WHAT THE EXERCISE ASKS - Your answer must be the exact lines below, starting with the line with "Grant & Colfax 1868 Ferrotype Pinback" and going on through the line with "Hazelden 12 Step Worksheet Printable", both included, with no pictures.

EXERCISE DATA -
══════

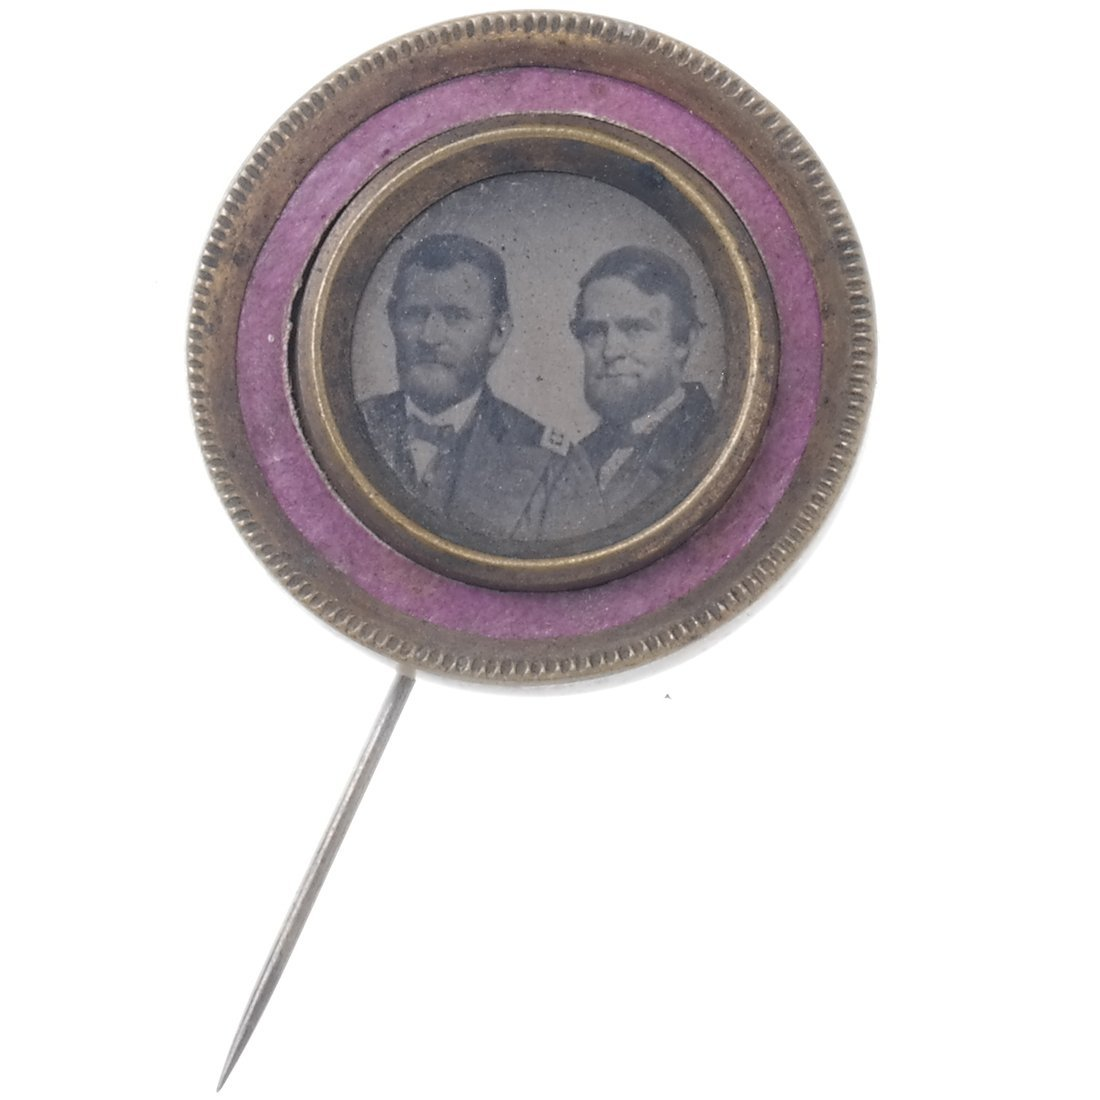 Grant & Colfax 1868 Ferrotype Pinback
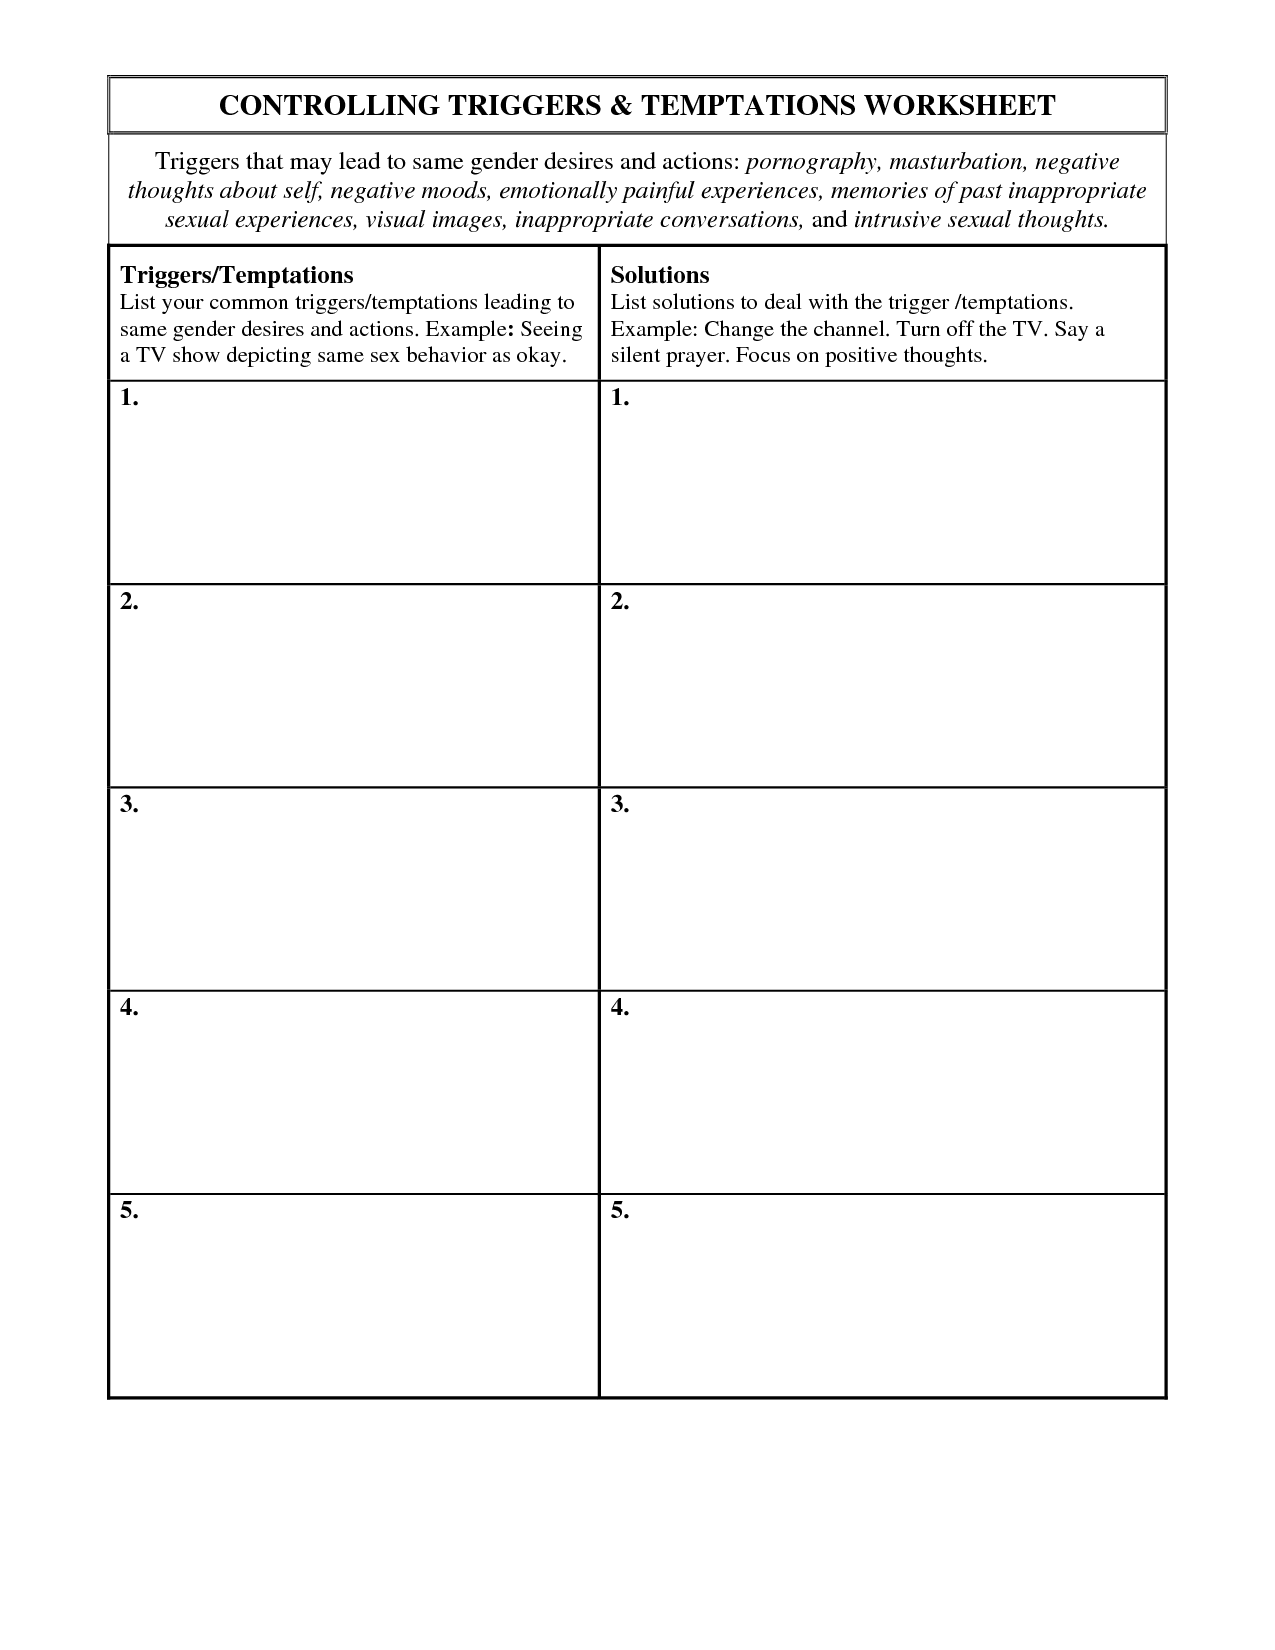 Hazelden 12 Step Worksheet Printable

══════

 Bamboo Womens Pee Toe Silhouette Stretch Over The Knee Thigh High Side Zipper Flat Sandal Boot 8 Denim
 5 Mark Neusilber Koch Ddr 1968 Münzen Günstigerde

══════

TASK RESPONSE -
 Grant & Colfax 1868 Ferrotype Pinback
 Hazelden 12 Step Worksheet Printable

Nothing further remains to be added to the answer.